:: Stored data entries ::
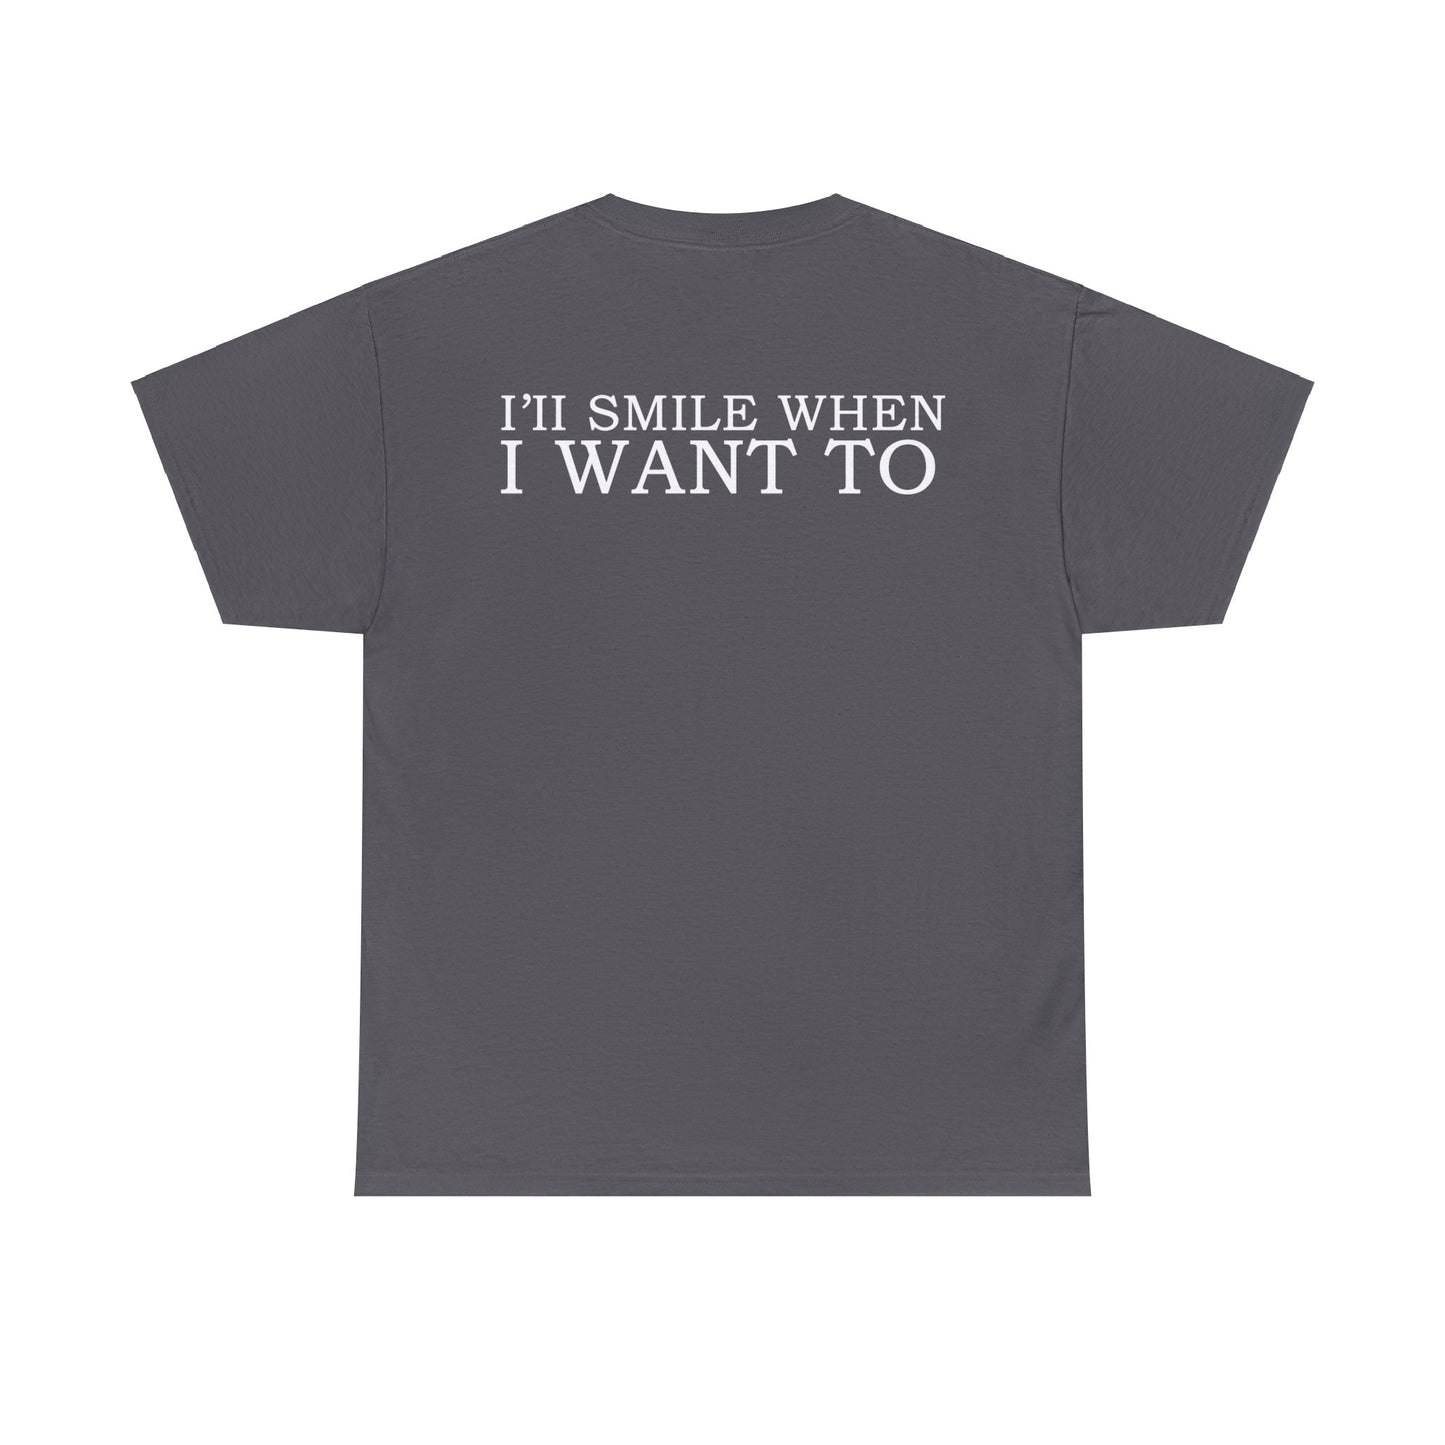 When I Want To - Tee
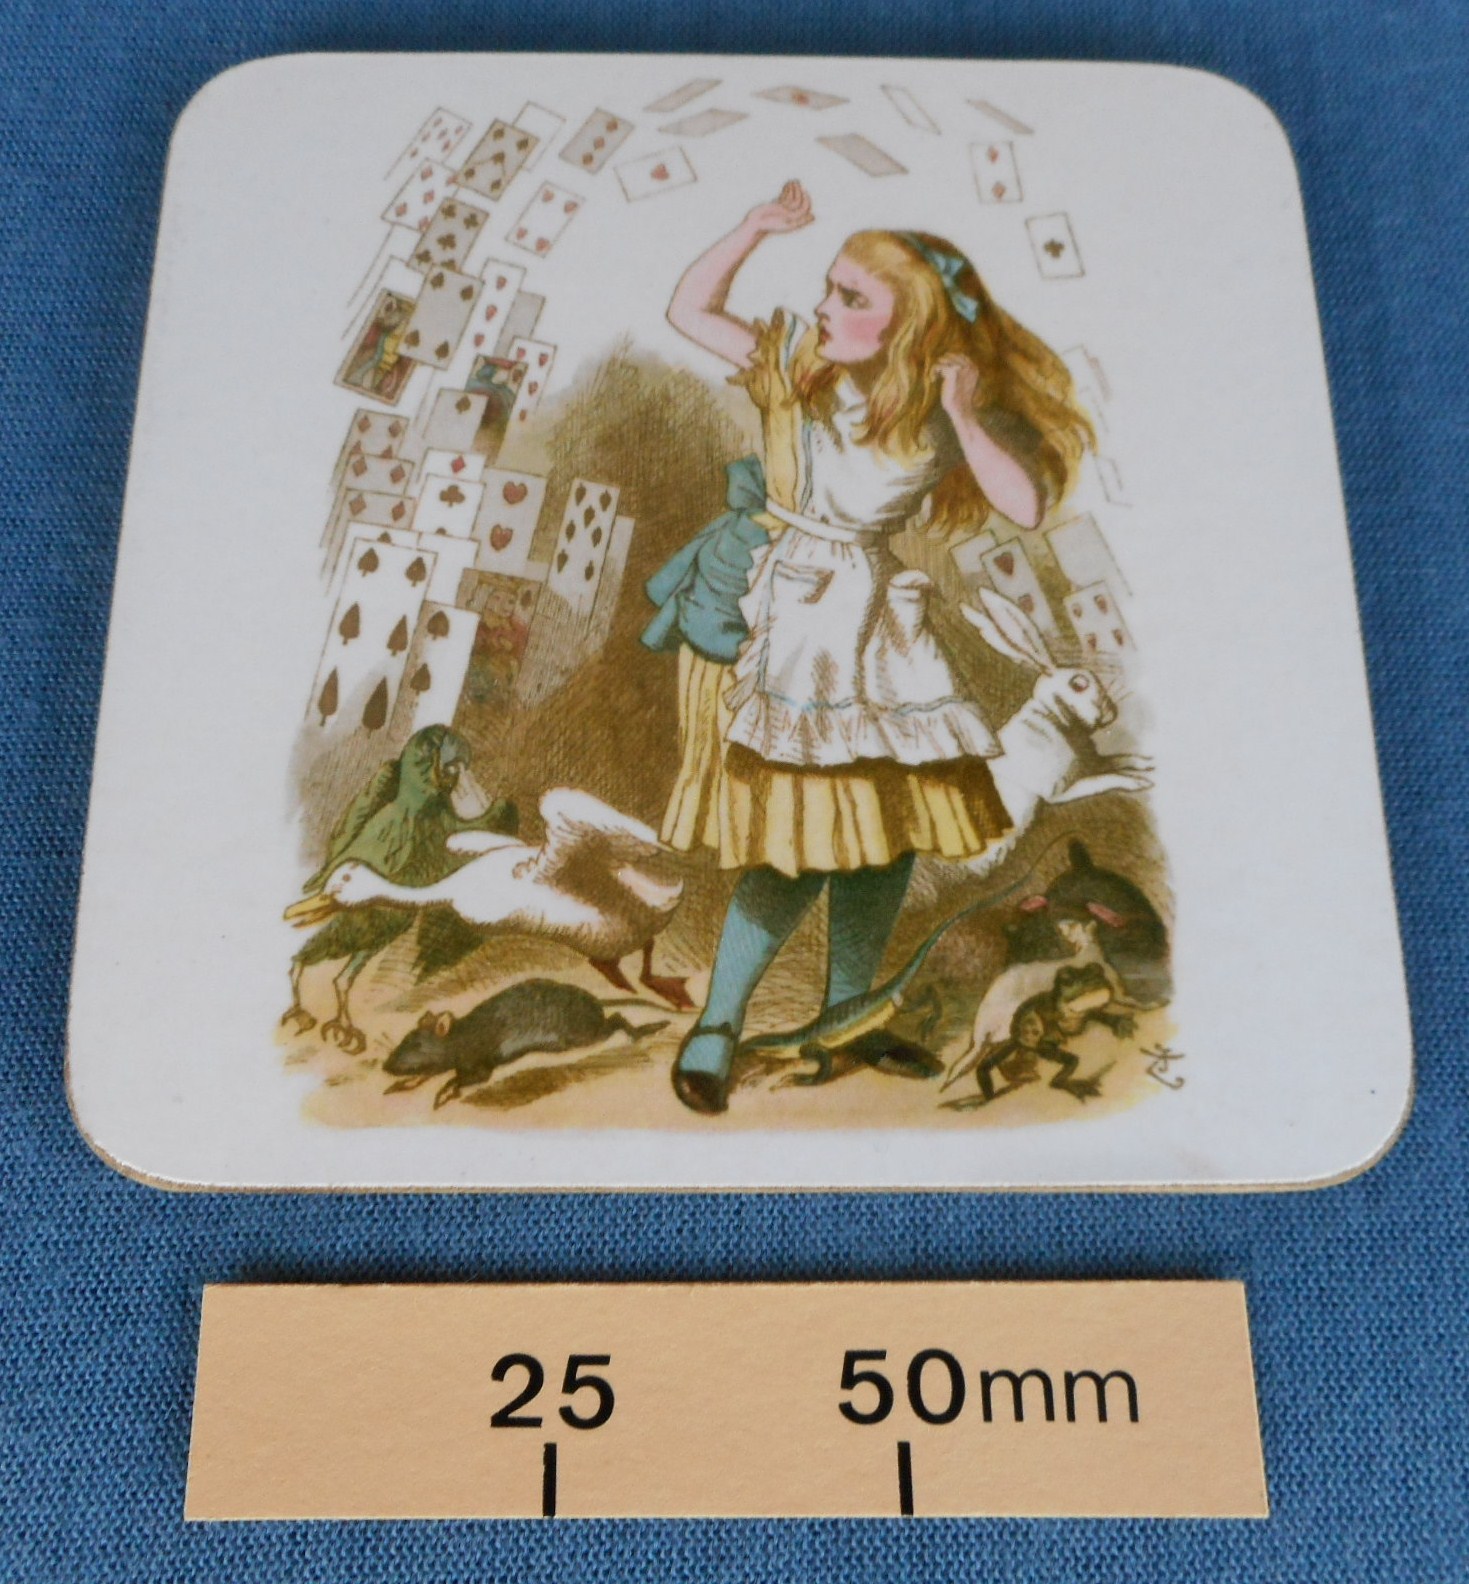 A drinks mat with an image of Alice and the flying cards
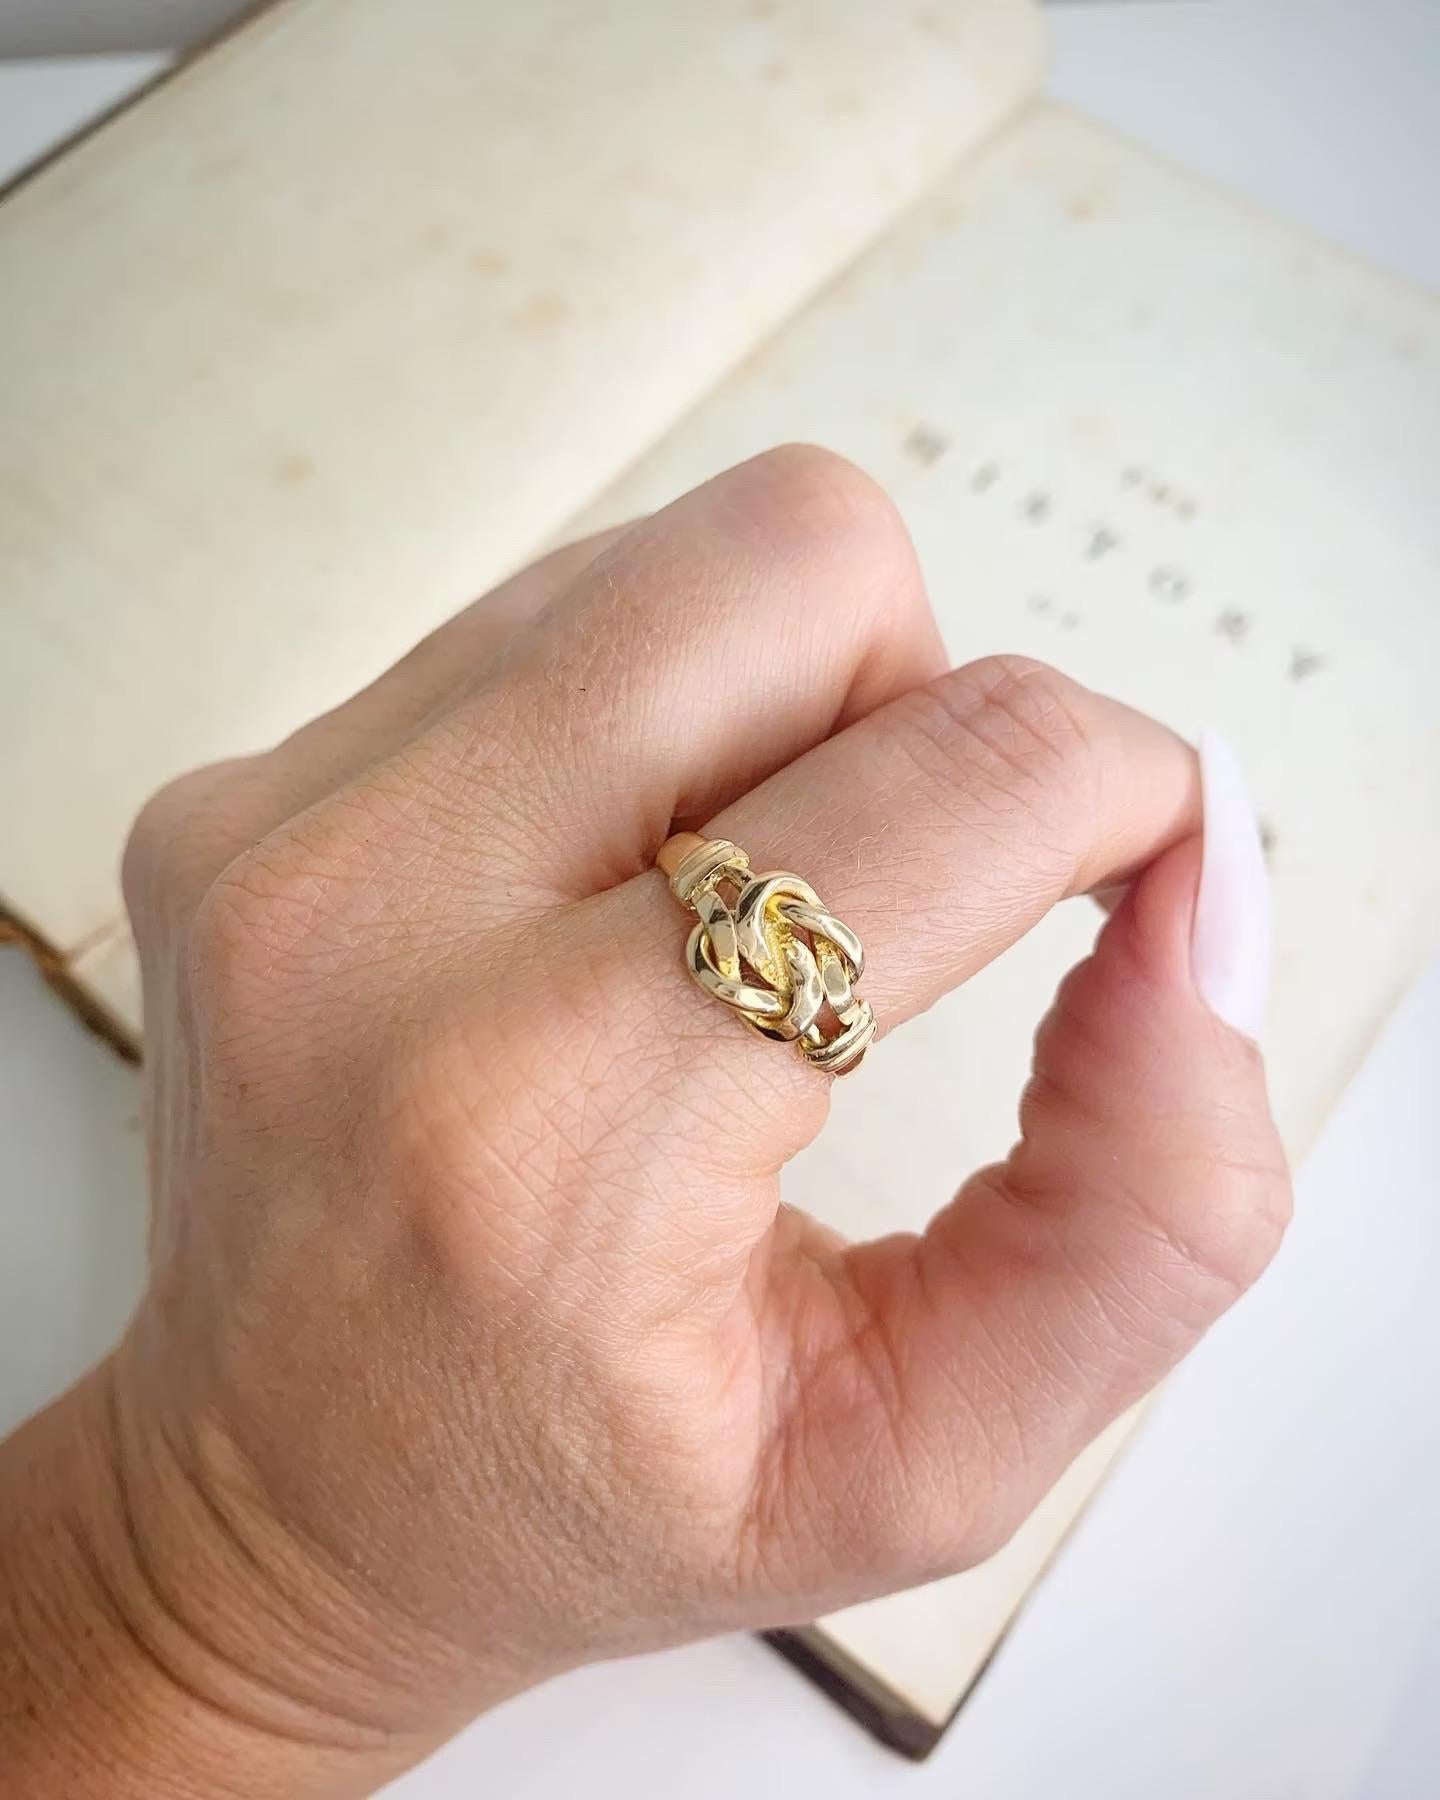 Antique Knot Ring 

18ct Gold 

Hallmarked Birmingham 1897

Beautiful gold Victorian ’lovers knot’ ring.
The lover's knot has a long history of being a symbol of love. It represents the unbreakable bond and eternal connection between two lovers.
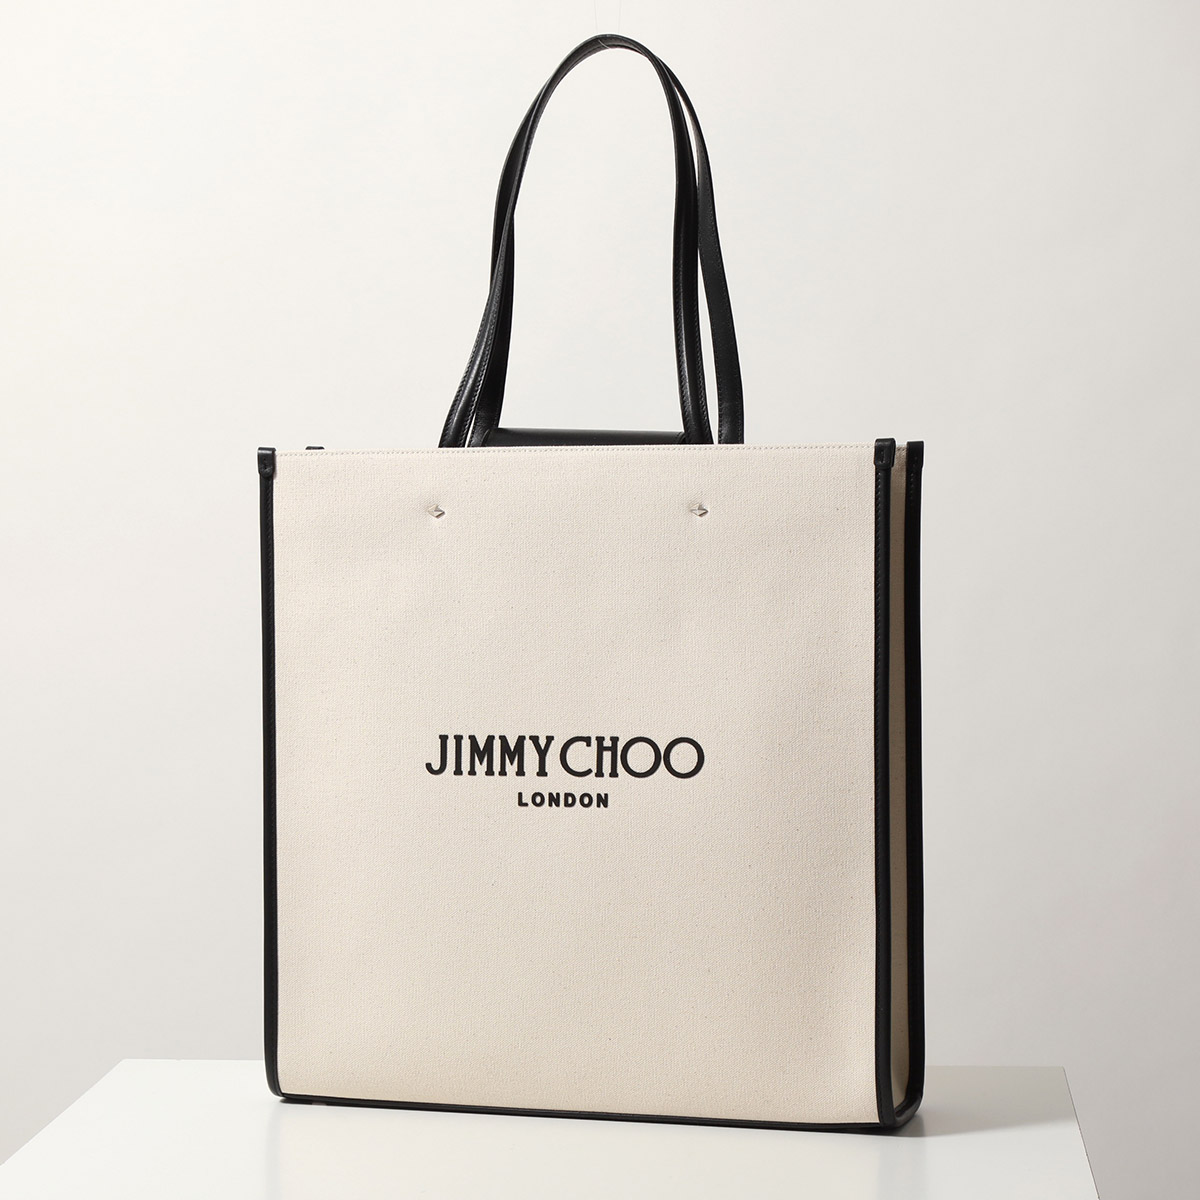 Jimmy Choo ジミーチュウ トートバッグ N/S TOTE/L CZM メンズ キャンバス×レザー ロゴ 鞄 NATURAL/BLACK/SILVER｜s-musee｜02

:: WHAT IS REQUIRED ::
Only the lines from the one containing "The lover's knot" through the last line of the entries should be transcribed, exactly and with no pictures.

:: RESULT BELOW ::
The lover's knot has a long history of being a symbol of love. It represents the unbreakable bond and eternal connection between two lovers.
 Jimmy Choo ジミーチュウ トートバッグ N/S TOTE/L CZM メンズ キャンバス×レザー ロゴ 鞄 NATURAL/BLACK/SILVER｜s-musee｜02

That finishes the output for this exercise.